Now that we have our heap, we can run heap sort in-place like so:
- Delete largest item from the max heap by swapping the root with the last item in the heap.
- Sink until the heap is valid again.
- Repeat for all \(N\) items.
Then, the resulting array is sorted:
Now, our space complexity is just \(\Theta(1)\) since we don’t need any extra memory.
2.3. Merge Sort
To merge sort \(N\) items, we:
- Split items into two roughly even pieces.
- Merge sort each half recursively.
- Merge the two sorted halves to form the final result
To merge two sorted halves together, we compare elements from the first half with elements from the second half, and build a new auxiliary array:
The time complexity for this is \(\Theta(N \log N)\), and its space complexity is \(O(N)\).
2.4. Insertion Sort
To insertion sort \(N\) items, we:
- Start with an empty output sequence.
- Add each item from the input, inserting into the output at the right point.
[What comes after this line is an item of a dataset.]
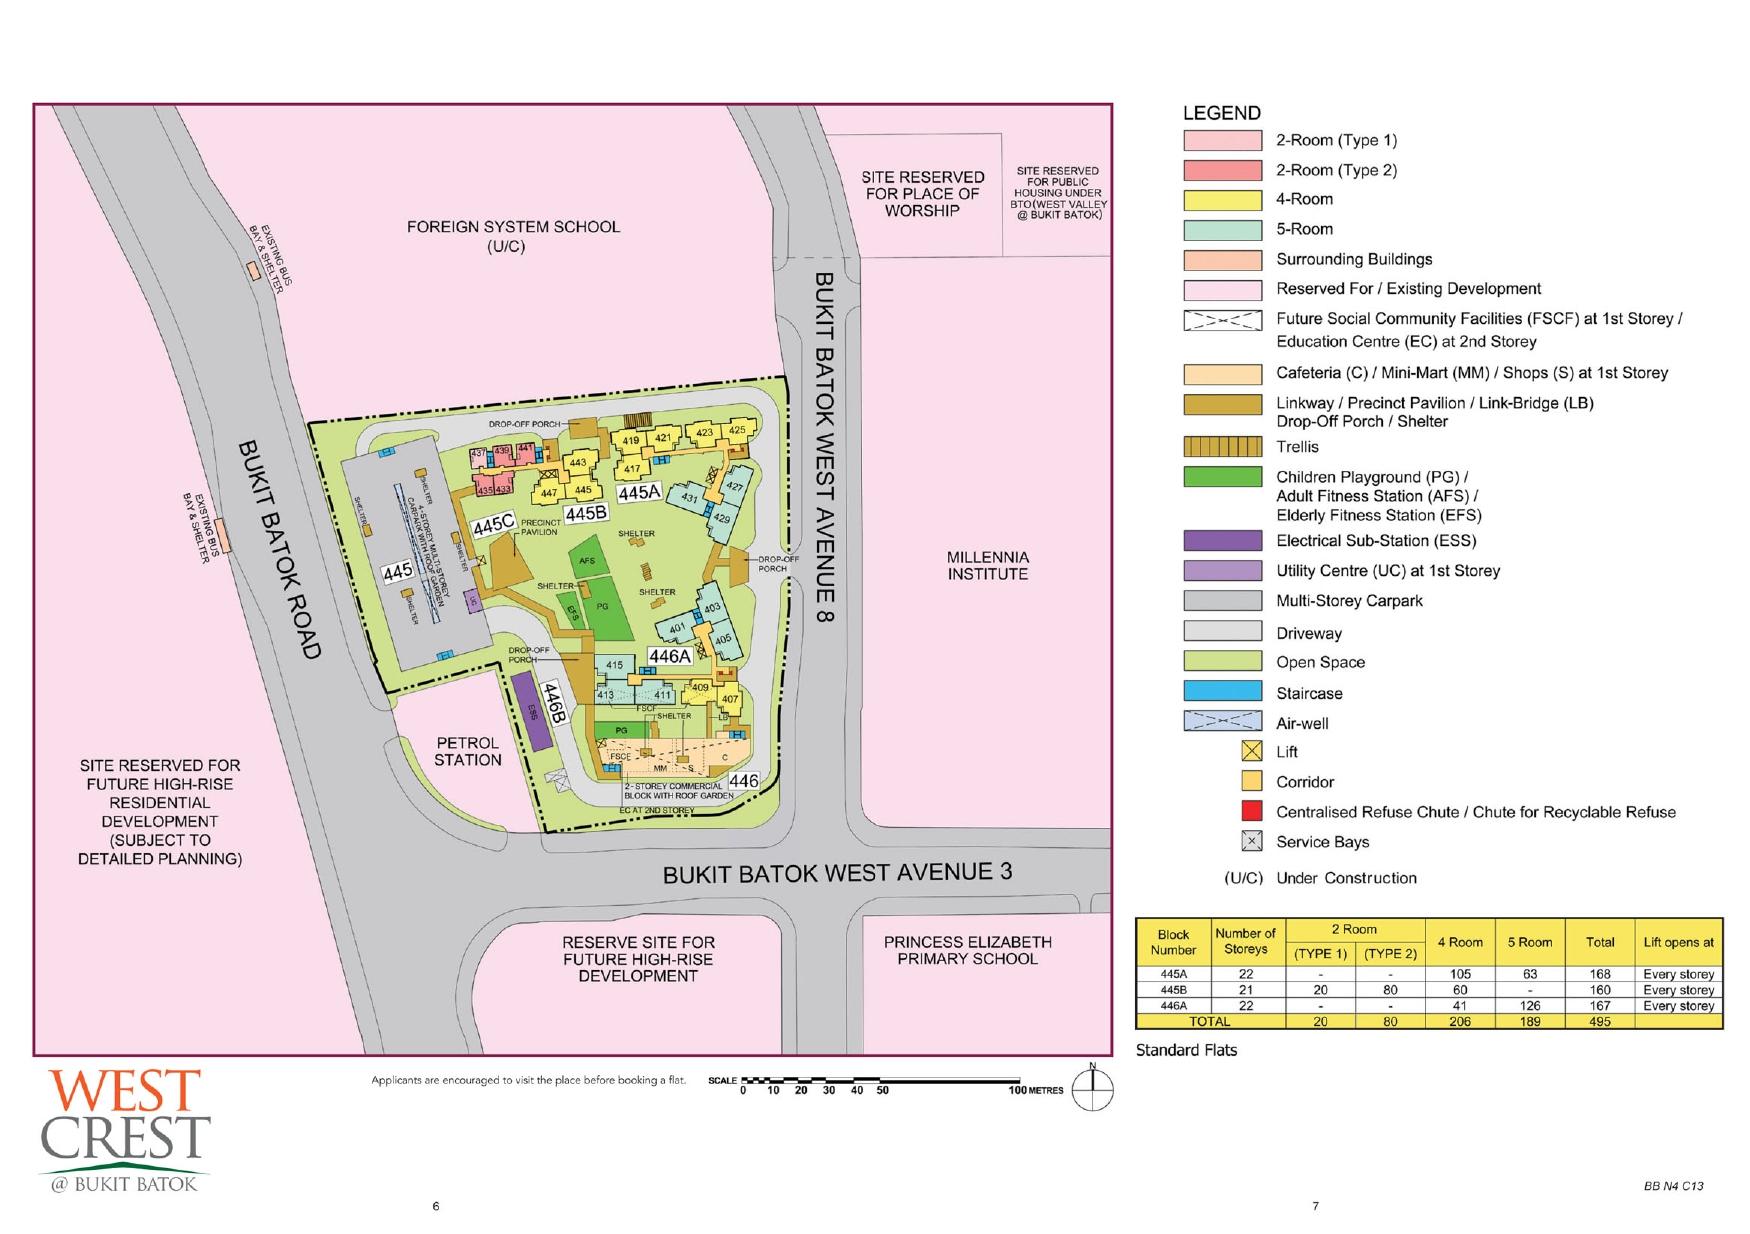 West Crest @ Bukit Batok Site Plan
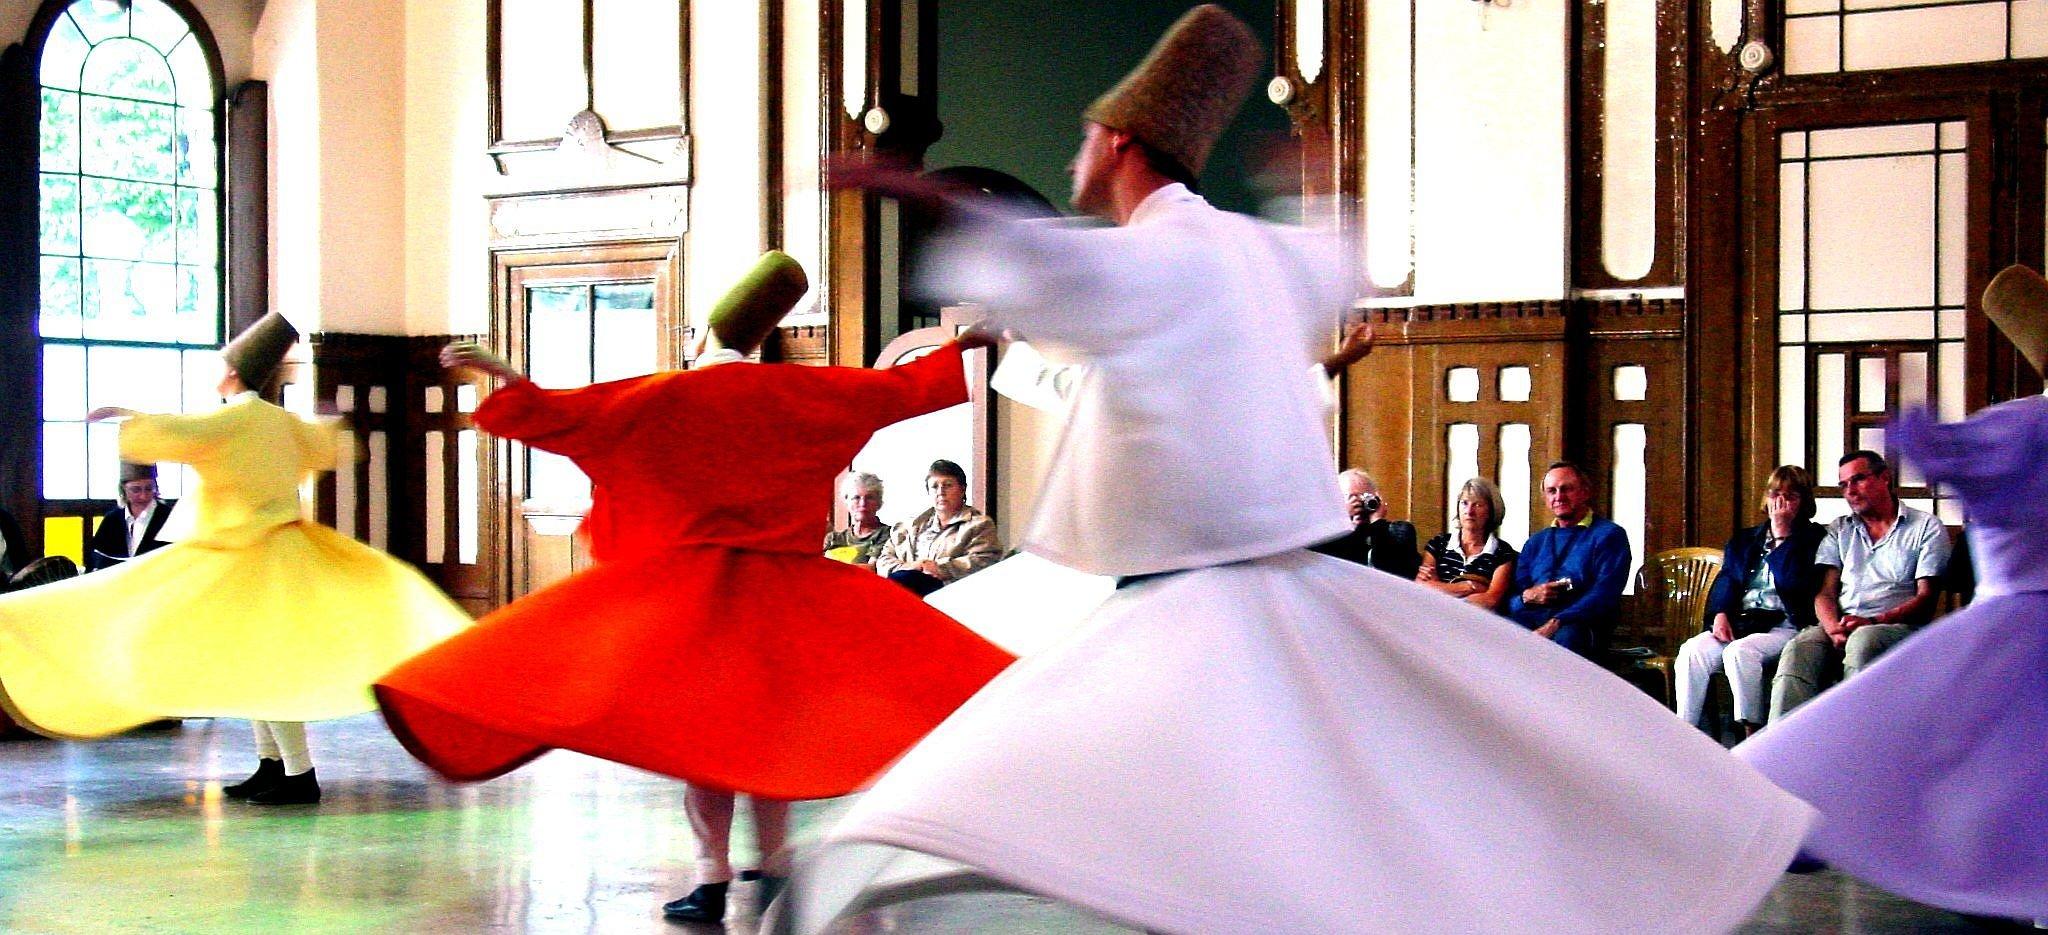 Tańczący derwisze Tańczący derwisze Źródło: Vladimer Shioshvili, licencja: CC BY-SA 2.0.

We can also do this in-place by maintaining a sorted and unexamined section of the input array. To insert, we can swap item backwards until it is in the right place among all previously sorted items:
The best case time complexity is \(\Theta(N)\) (when it is already sorted), and the worst case time complexity is \(\Theta(N^2)\). Realize that when an array that is almost sorted, insertion sort does very little work due to its best case time complexity. Additionally, for small arrays (\(N < 15\) or so), insertion sort is fastest.
2.5. Quicksort
The idea behind quicksort is that for an array, we can pick one item (called the pivot), get it in the correct spot, and then just ensure that the rest of the items are on the correct side:
If we then run quicksort recursively on the two subarrays on the left and right of the pivot, we end up with a sorted array. The process of picking the pivot to split the array up into left and right subarrays is called partitioning.
2.5.1. Naive Partitioning
Naively, we can simply create another array. Then, we can scan through the array, adding the elements smaller than our pivot at the front. Then, we add our pivot. Finally, we scan through the array again, adding all the elements greater than our pivot at the back.
2.5.2. Hoare Partitioning
A faster way is to have two pointers walk towards each other. The left pointer favors items smaller than the pivot, whereas the right pointer favors items larger than the pivot. The idea is that they walk towards each other, swapping anything they don’t like.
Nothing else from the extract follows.